Joe asks me what I’m writing and I tell him a little bit of this-pointing to his work, and a little bit of that-pointing to everything else. I remind him that we already met. He says it is hard for him to get to know new people. I remark this is why I give him space. Inside I acknowledge to myself, “I know exactly what you mean.”

He tells me about what he calls the Zombie Hour when after work people on their commute home, so caught up in their cell phones, and texting will walk right into his work. He makes a crazy face to demonstrate to me how oblivious people can be. He says a step won’t do much damage, but a shuffle can really cause mayhem. He also recounts how it is better to just let them keep going once they have entered the piece because in a state of panic they only mess it up more. There is a metaphor here but I am not going to head there.

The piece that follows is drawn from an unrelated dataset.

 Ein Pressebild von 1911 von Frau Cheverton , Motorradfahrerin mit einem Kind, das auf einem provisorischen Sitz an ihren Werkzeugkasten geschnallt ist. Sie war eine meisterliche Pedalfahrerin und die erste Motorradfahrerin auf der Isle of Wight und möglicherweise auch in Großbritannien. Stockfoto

I told him that yesterday I wrote indoors, and today I am doing it out here. I tell him that I saw his tweet and came out to soak up some of his artistic energy to fuse with my thoughts.

Our conversation ends and I go back to my notebook. I got the idea to write in public from reading the work of Julia Cameron and Natalie Goldberg where they suggest leaving the house, going into cafes, beaches, parks, and wherever else. The textures of thought change as the spaces the writer inhabits change as well. I am here testing out their theories.

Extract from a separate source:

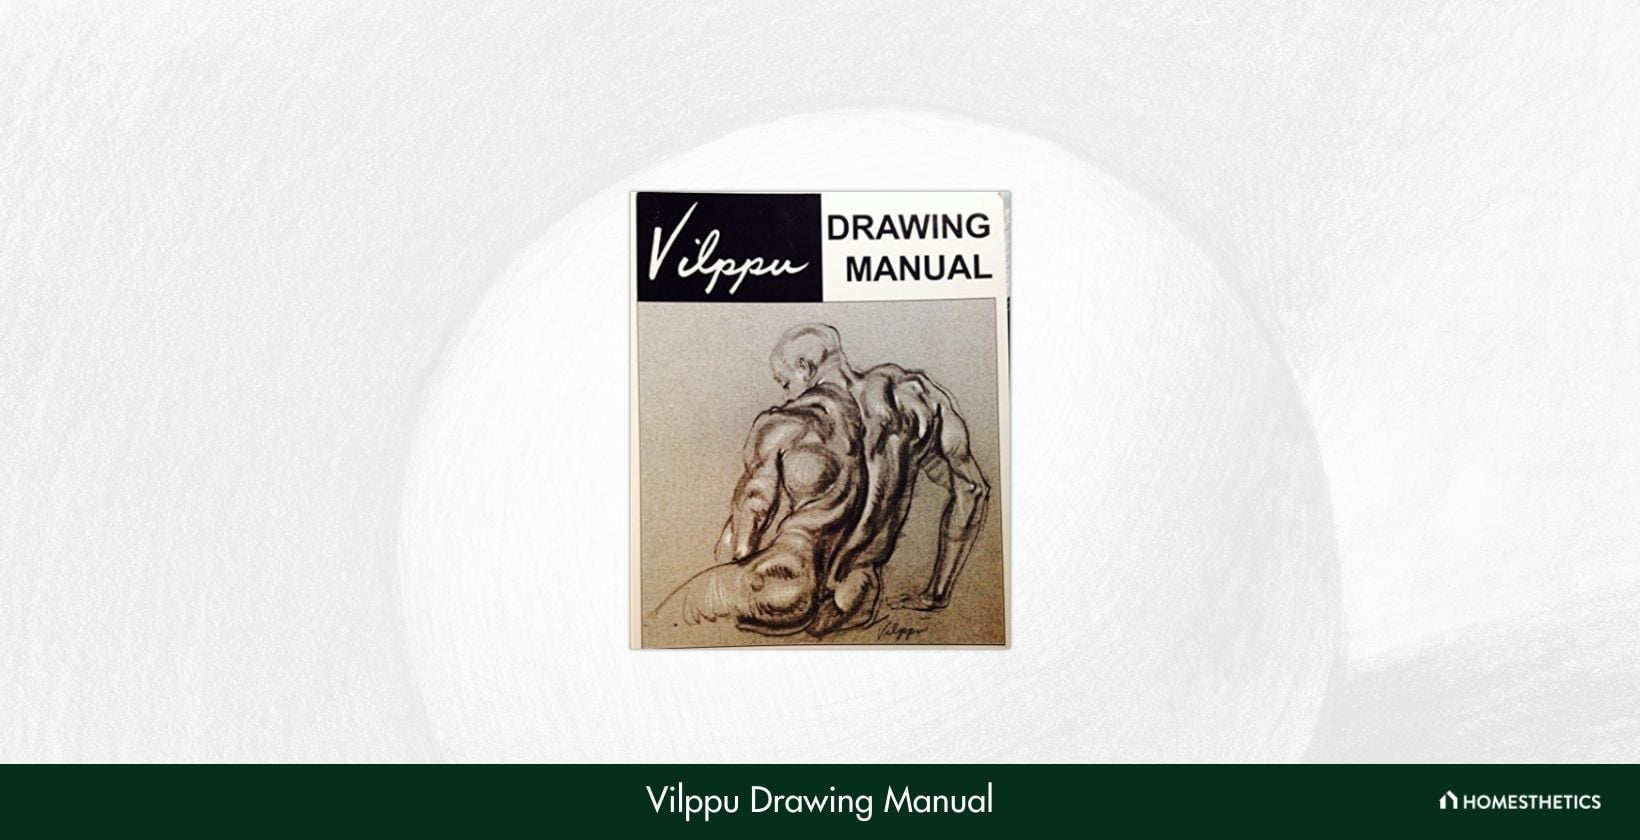 Vilppu Drawing Manual by Glenn Vilppu

The orange is now taking its place bordering both sides of the maroon, as I notice a maroon sweatshirt in the crowd with patterns not so different than Joe’s work. I wonder if this person even notices the connection. Earlier Joe commented that he really likes this one, and I agree. I wonder if I could even tell the difference between his best work, and a run of the mill offering.

Now he covers the green with the sky blue, and circles the work completing the rotation. In my head the song Disco Ball, Spin Around, Spin Around from Saucy Monky plays. An old man says with amazement to his companions, “It’s so perfectly symmetrical.” A young man oblivious is halted seconds before he slams headlong into one of the edges of the work. Luckily Joe is standing right there and is able to stop him. He flashes his patented smile, and I think how patient you must have to be to work with sand.

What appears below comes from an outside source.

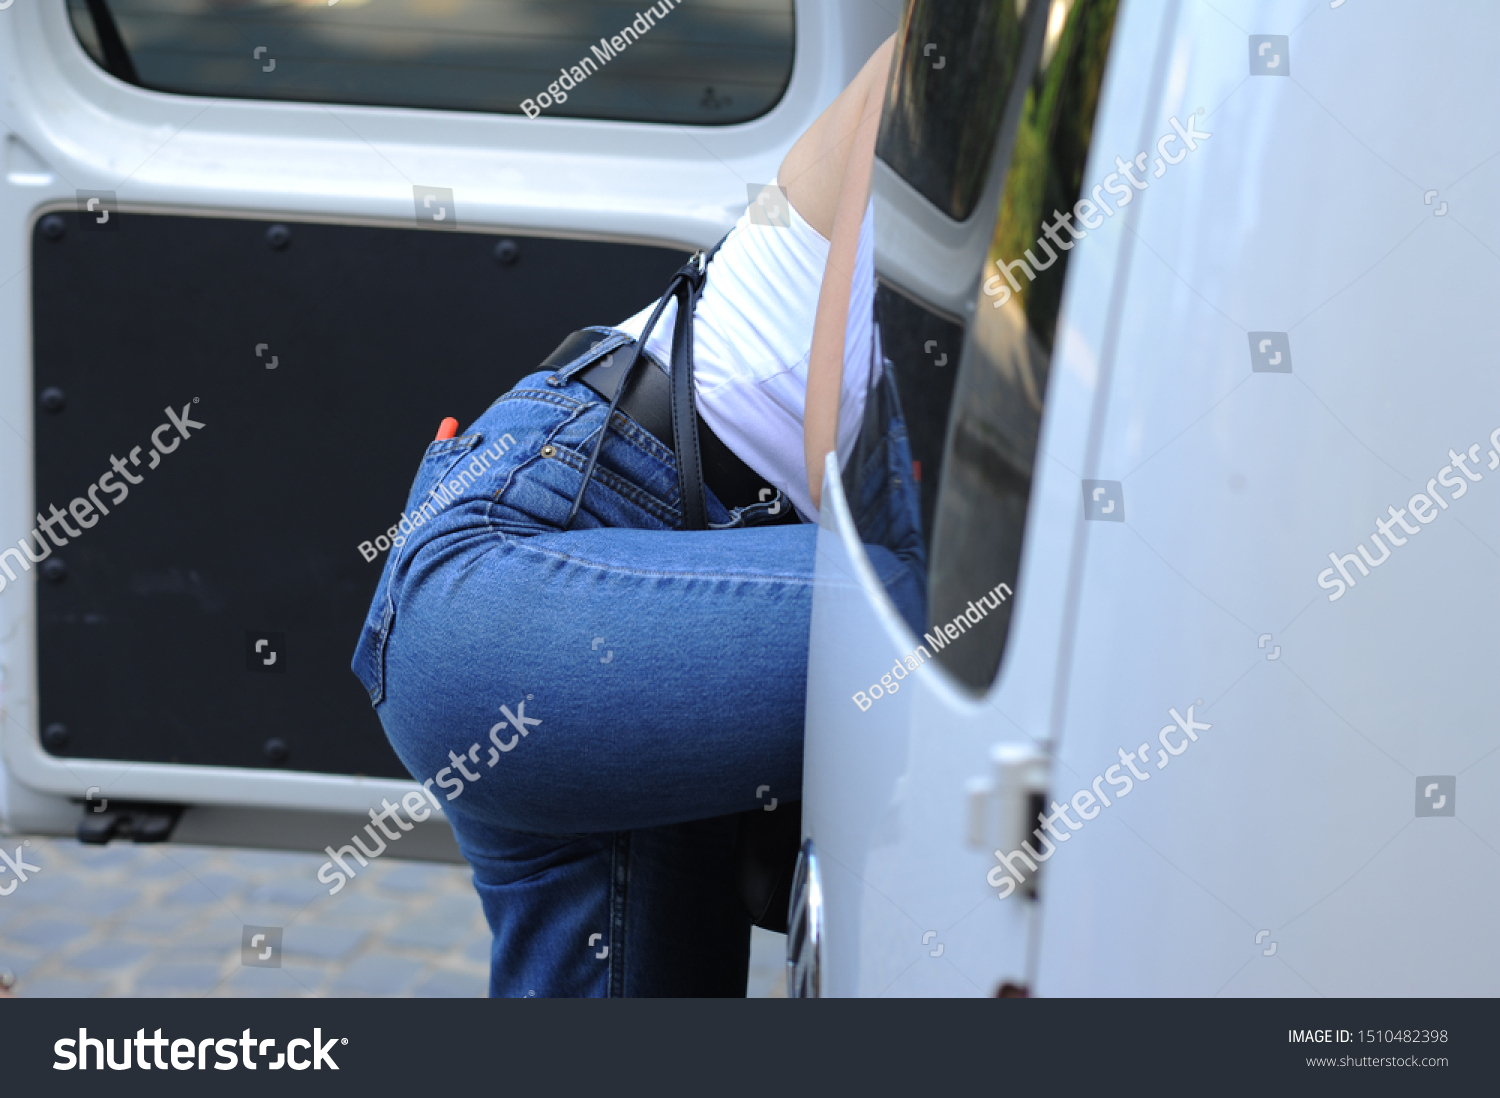 Ass in public

I stand up and say, “I’ll catch you later Joe.”

Joe smiles and replies, “I heard that before. It’s just that people snap a picture, and then they’re gone.” He is referring to the part of his introduction he just ran through where he says he would appreciate a donation if you take a picture. Caught up in the moment I don’t realize until later this is his office and he needs financial support in order to keep volunteering to come to work everyday.

I am home now and will go back later after I post this piece because not only do I want to see the work further along but also because I owe this hard-working Joe a couple of bucks.